Rapiscan Systems and Brijot Imaging Systems have signed a seven-year agreement that allows Rapiscan to market and sell Brijot’s passive millimeter wave screening body scanner that is capable of screening individuals from several meters away.

Under the arrangement, Rapiscan will put its own label on Brijot’s BIS-WDS GEN 2 screener, calling it the Rapiscan WaveScan 200. Adding the millimeter wave sensor to its product portfolio, which consists of a wide array of X-Ray systems for scanning people and parcels at airports, and cargo, containers and vehicles at various ports of entry, will allow Rapiscan to offer its customers another screening option as well as layered solutions using a combination of X-Ray and millimeter wave systems.

“What we’ve always tried to do is package the product portfolio in a broad enough brush so that we’re not pigeonholing customers into a singular type of technology because we don’t necessarily feel that a given technology is right for all applications,” Peter Williamson, executive vice president for worldwide sales and marketing at Rapiscan, told sister publication Defense Daily yesterday.

Rapiscan is the security division of OSI Systems [OSIS].
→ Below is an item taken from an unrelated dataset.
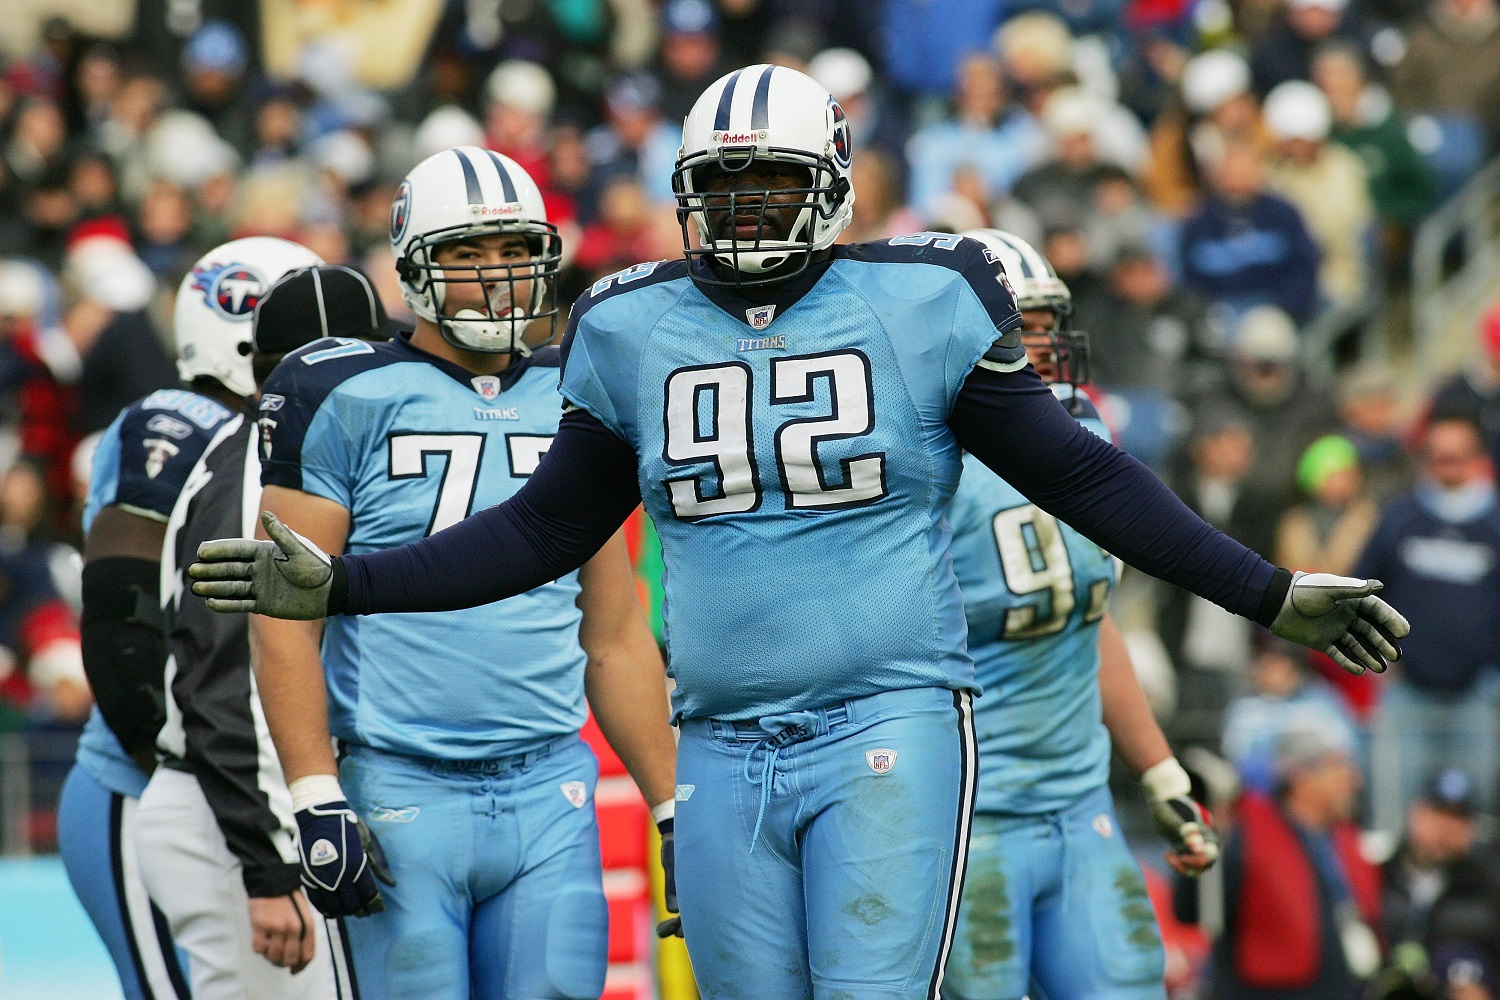 Defensive tackle Albert Haynesworth of the Tennessee Titans looks on against the Indianapolis Colts on Dec. 1, 2006.
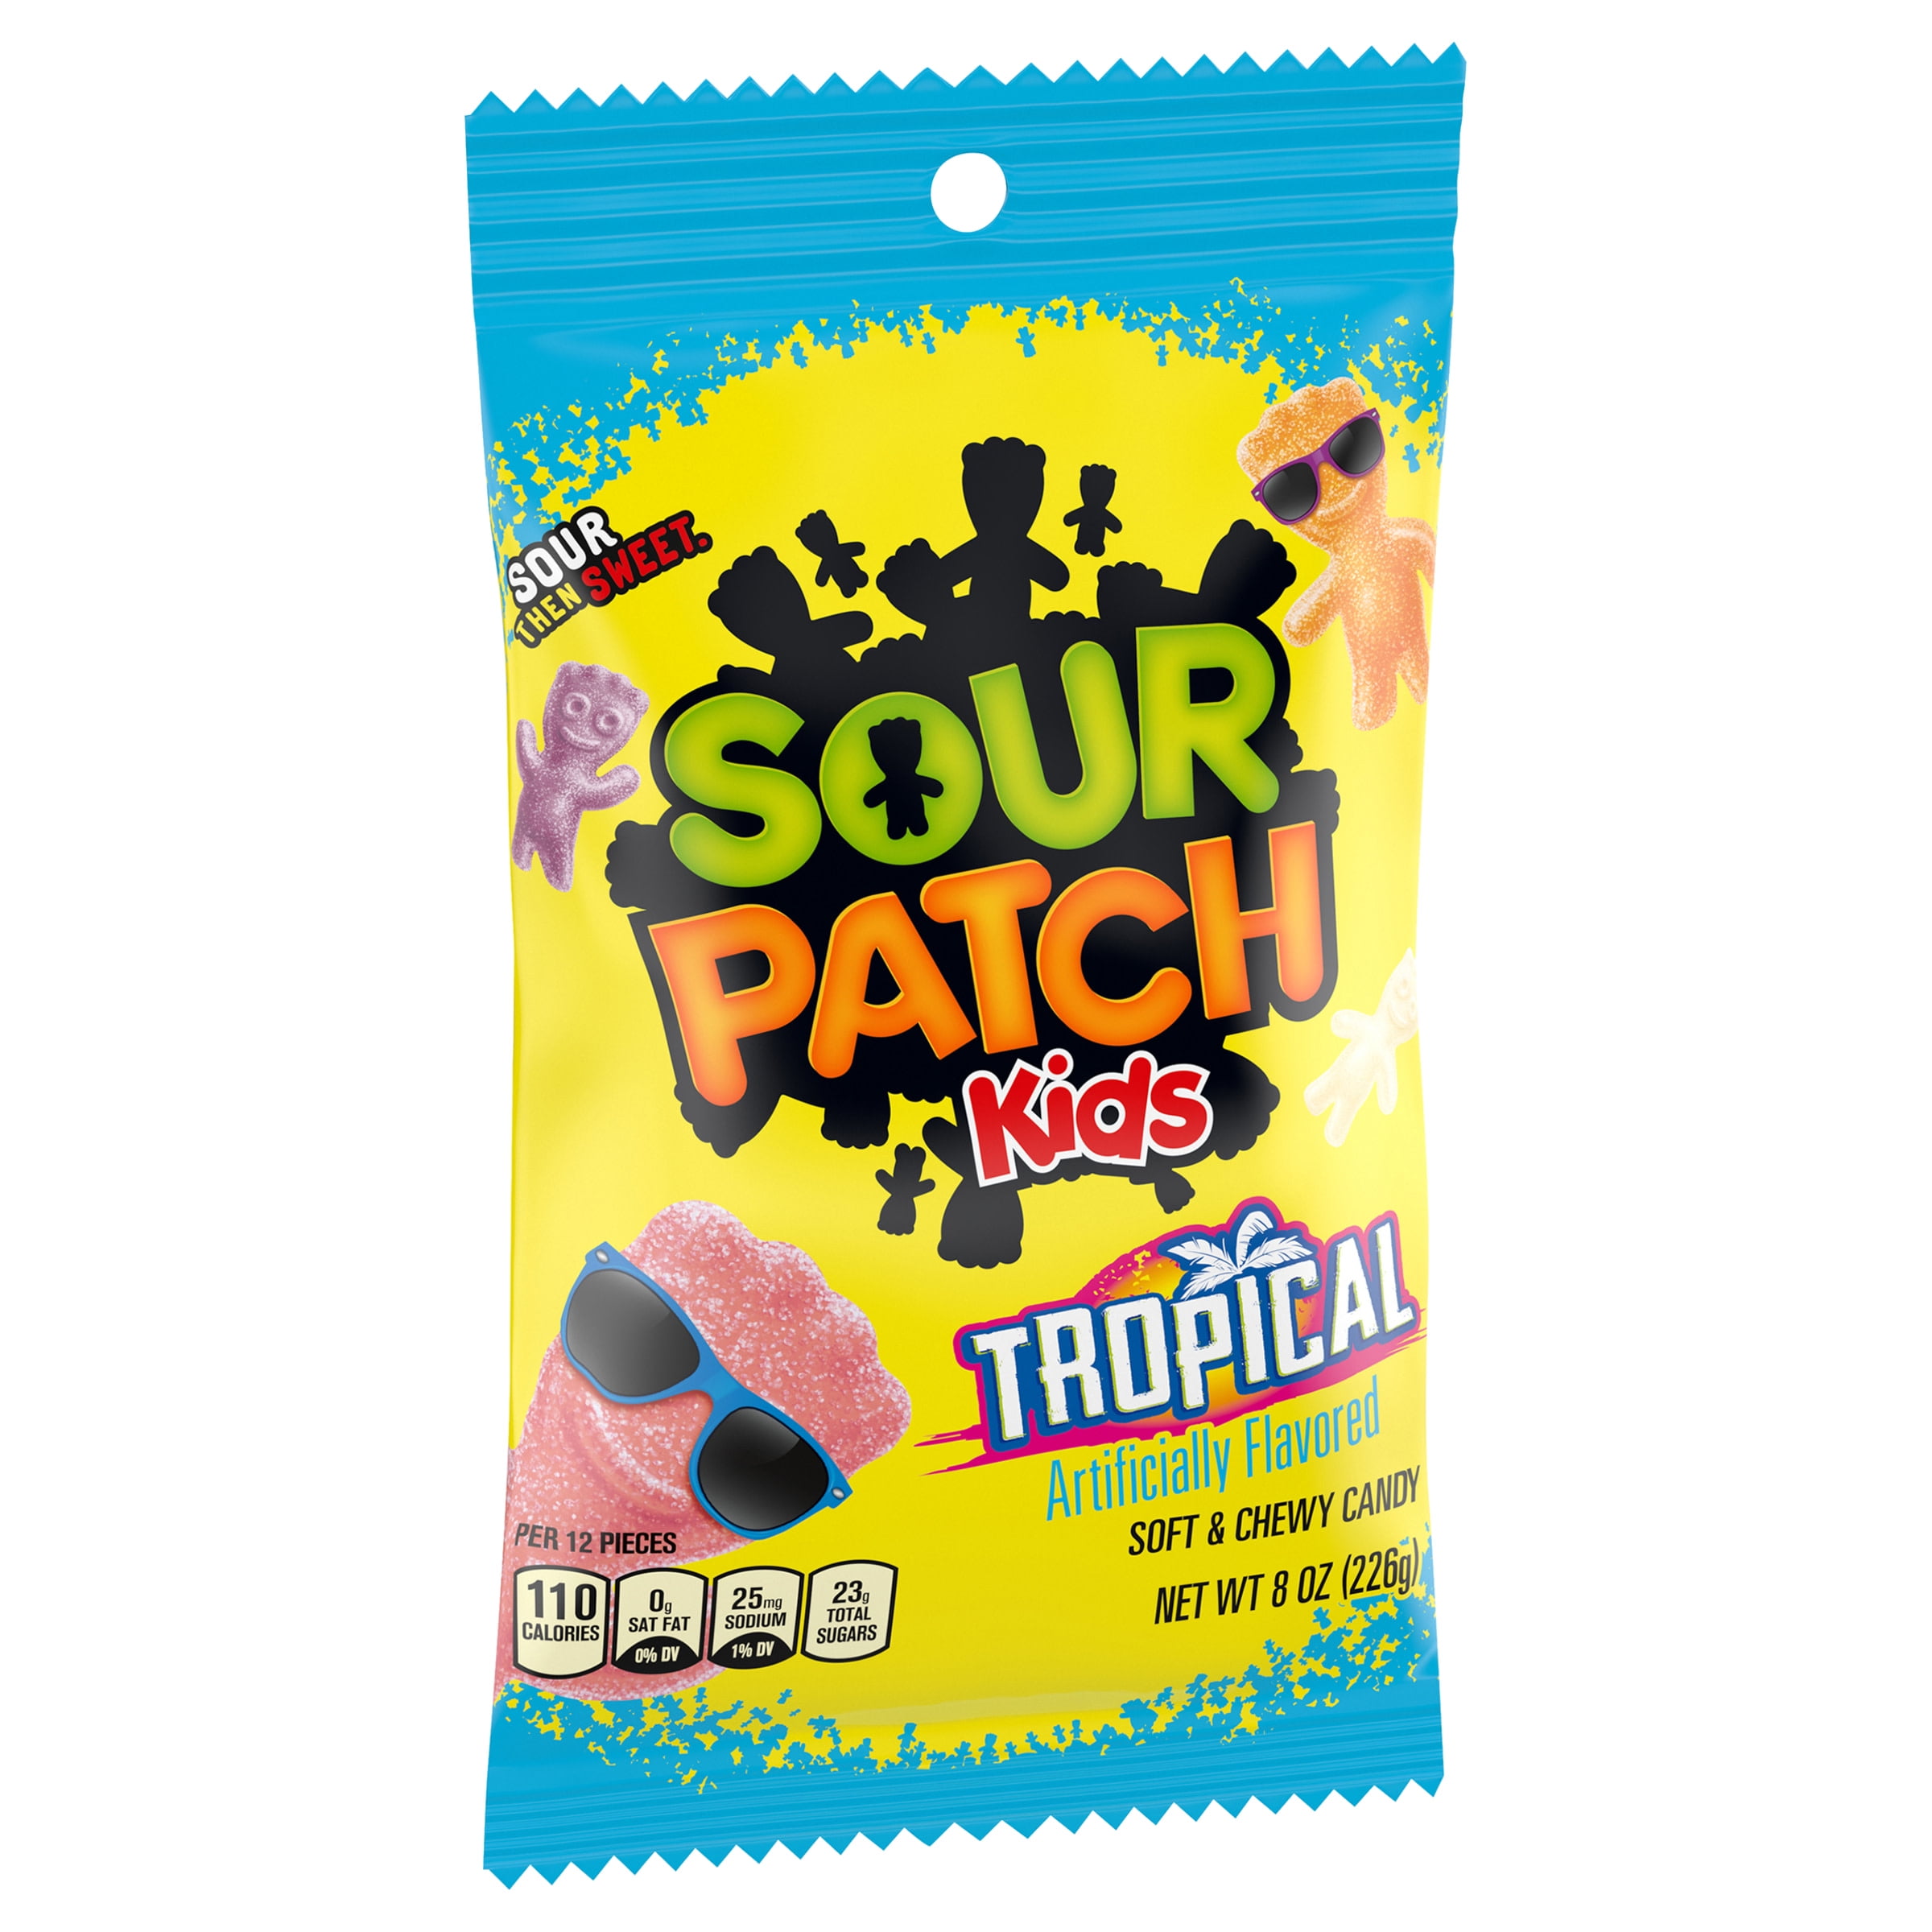 SOUR PATCH KIDS Tropical Soft & Chewy Candy, 8 oz Bag

The non-exclusive agreement is certainly a positive for Brijot as it instantly gives the company access to a worldwide sales, distribution and service network that it lacks. Moreover, given Rapiscan’s belief that the millimeter wave technology is worthy of adding to its product portfolio, the agreement is a plus for the millimeter wave sensor industry, which has been marketing and demonstrating its screening systems with increasing regularity the past couple of years.

There has been a “groundswell of activity and interest” in millimeter wave technology the last two years across different market segments, such as aviation, defense, the commercial sector, and more, and across geographic regions, Williamson said. “I think you’ve got a lot of people out there from a customer standpoint waiting to see how good the technology can be from an imaging standpoint, from a probability of detection…And for those areas where throughput, privacy and other issues are of primary concern for the customer, this provides a more than adequate technological solution for them.”

Brijot has delivered and sold about 200 of its passive millimeter screening systems, including the BIS-WDS GEN 2 and an earlier version of the system. The system can detect weapons, explosives and contraband hidden under a person’s clothing without outlining personal body parts, which makes the technology palatable from a privacy perspective. Customers include the private sector, the Defense Department, the United Kingdom and Israel.

Based on how sales go and future customer requirements evolve, the agreement between the two firms allows for co-development work.